**ACTION ITEM:**
Your answer must be the full listing below, repeated exactly, with no pictures in it.

**INPUT DATA:**
• • •
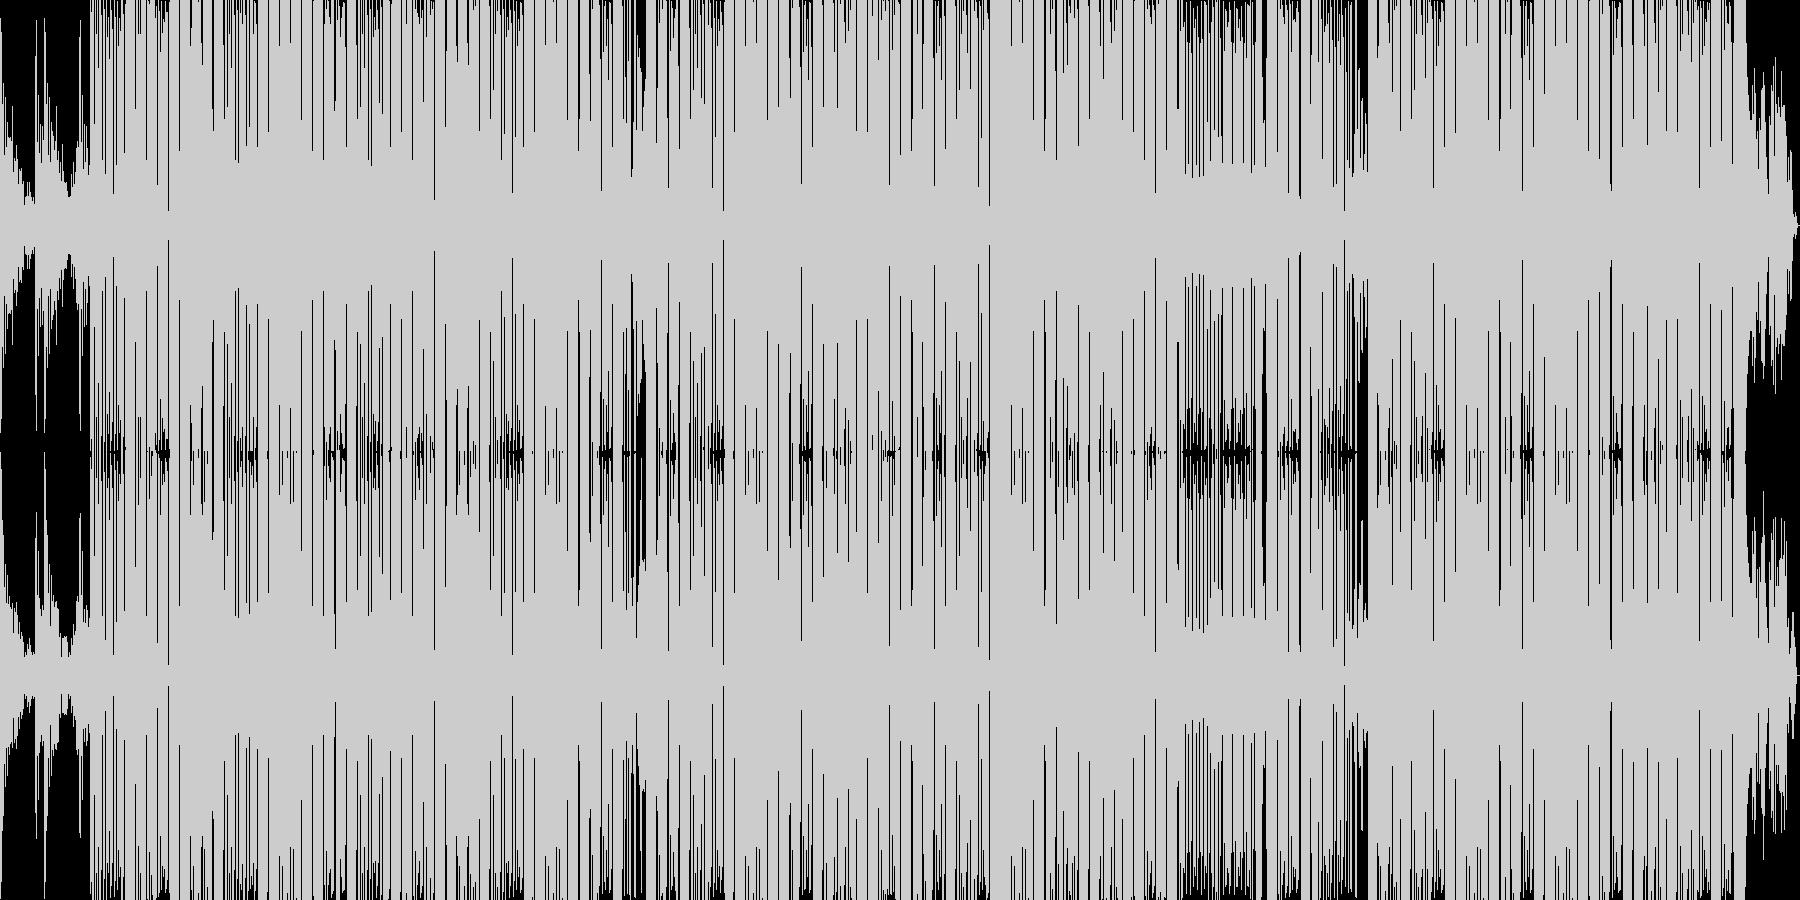 ジャズ風のローズピアノと硬派なサウンドの未再生の波形
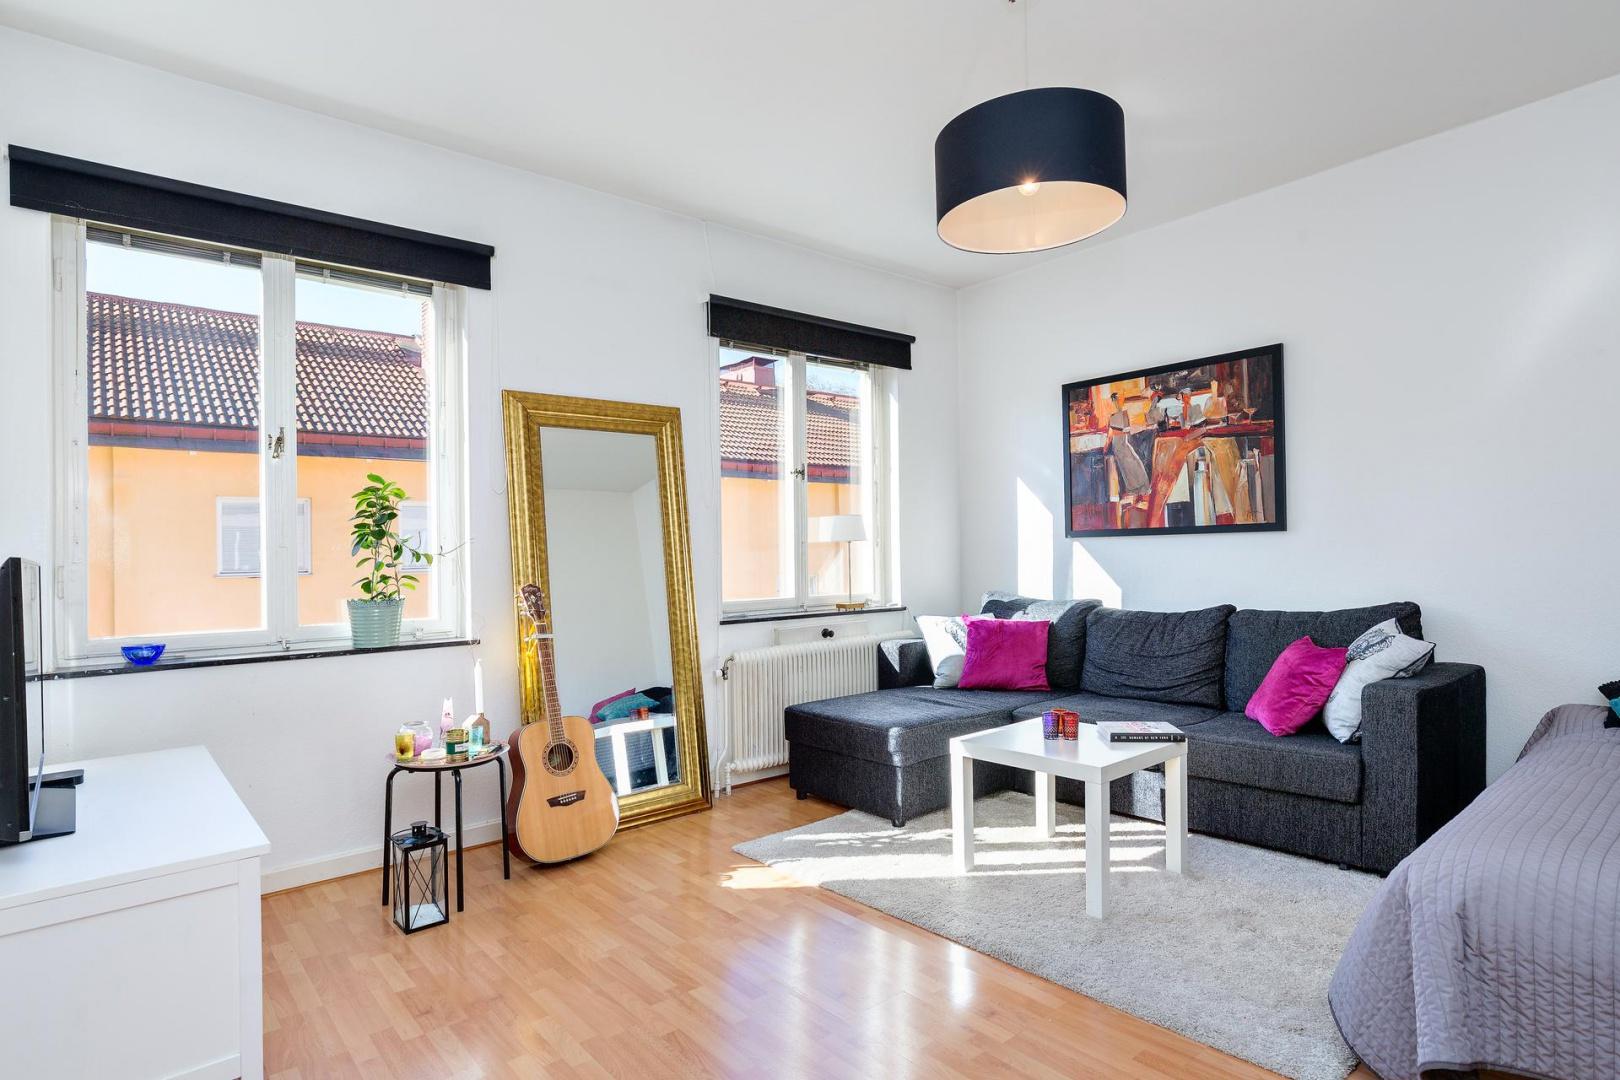 W salonie połączonym z sypialnią panuje mieszanka różnych stylów. Fot. Svenksfast.se
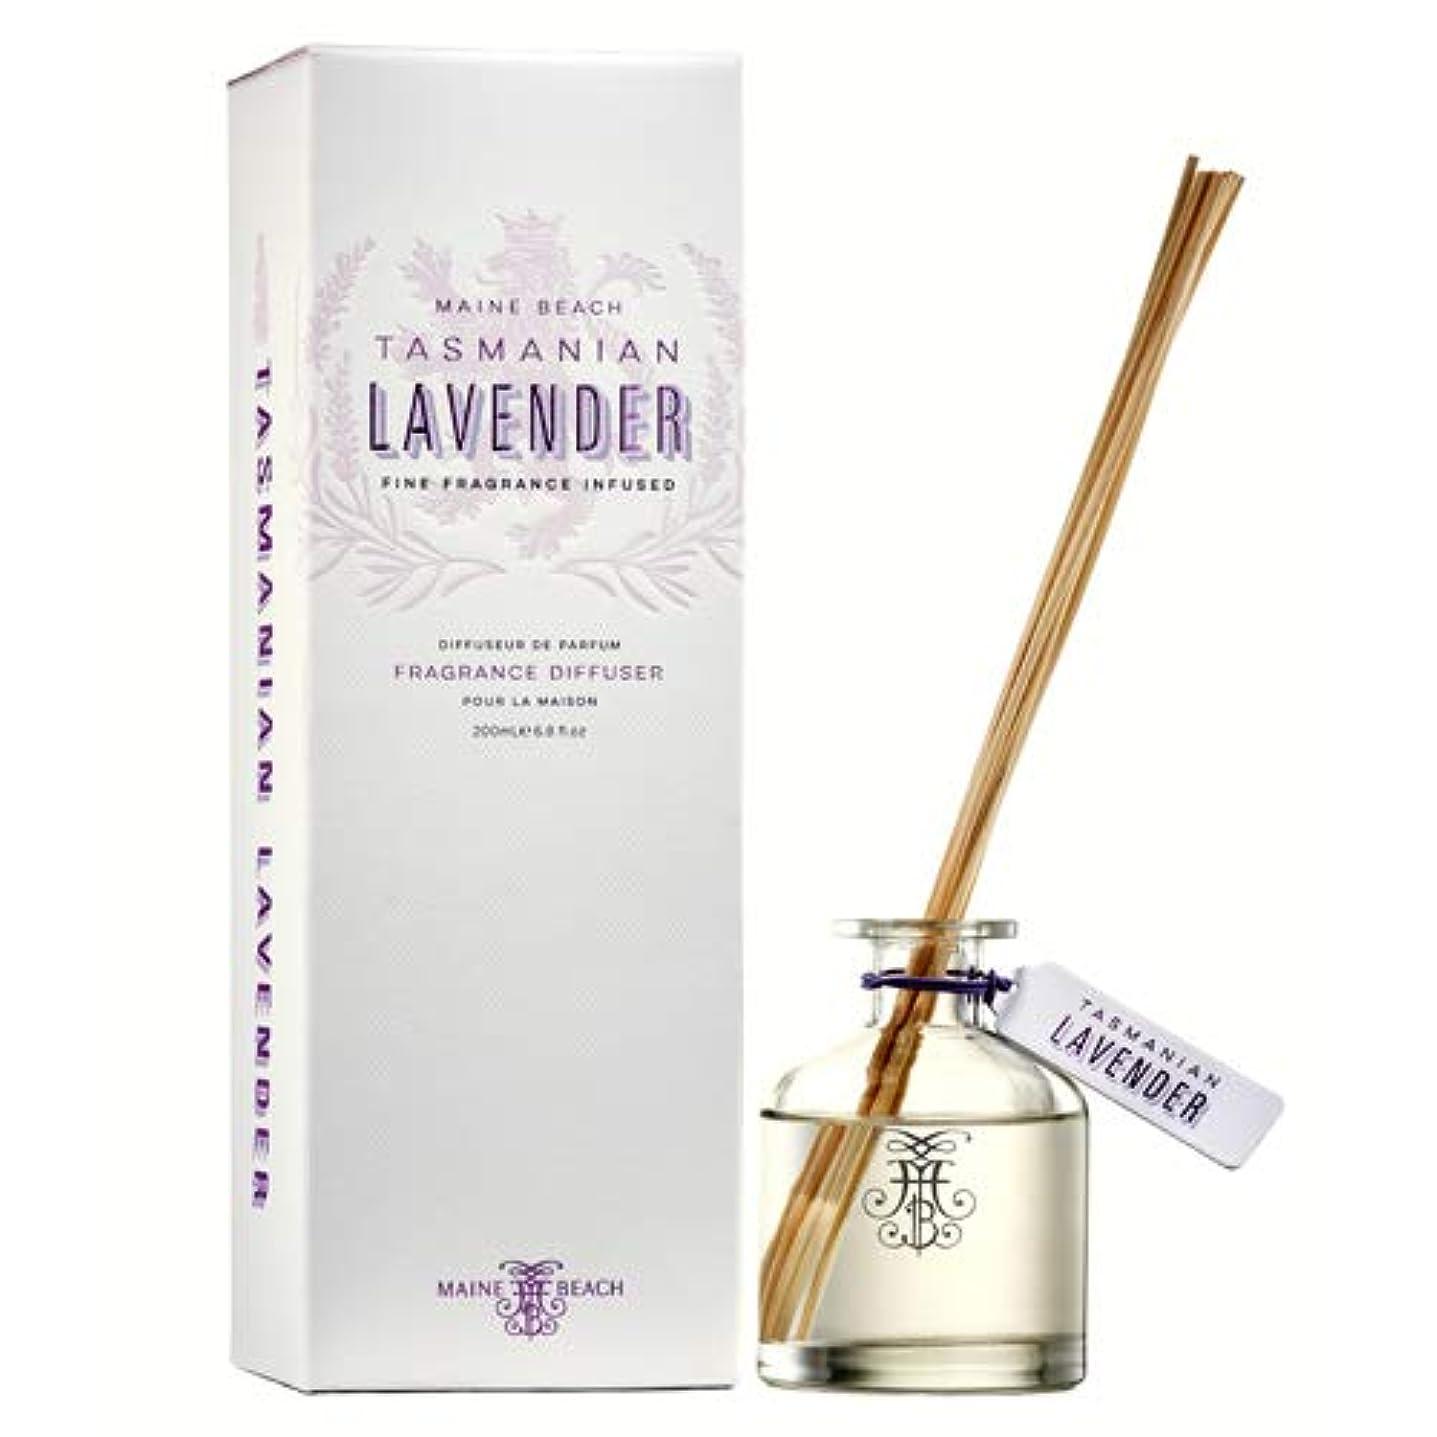 ポテト基礎無しMAINE BEACH マインビーチ TASMANIAN LAVENDER タスマニアン ラベンダー Fragrance Diffuser フレグランス ディフューザー
• • •
**WRITTEN RESPONSE:**
 ジャズ風のローズピアノと硬派なサウンドの未再生の波形
 W salonie połączonym z sypialnią panuje mieszanka różnych stylów. Fot. Svenksfast.se
 ポテト基礎無しMAINE BEACH マインビーチ TASMANIAN LAVENDER タスマニアン ラベンダー Fragrance Diffuser フレグランス ディフューザー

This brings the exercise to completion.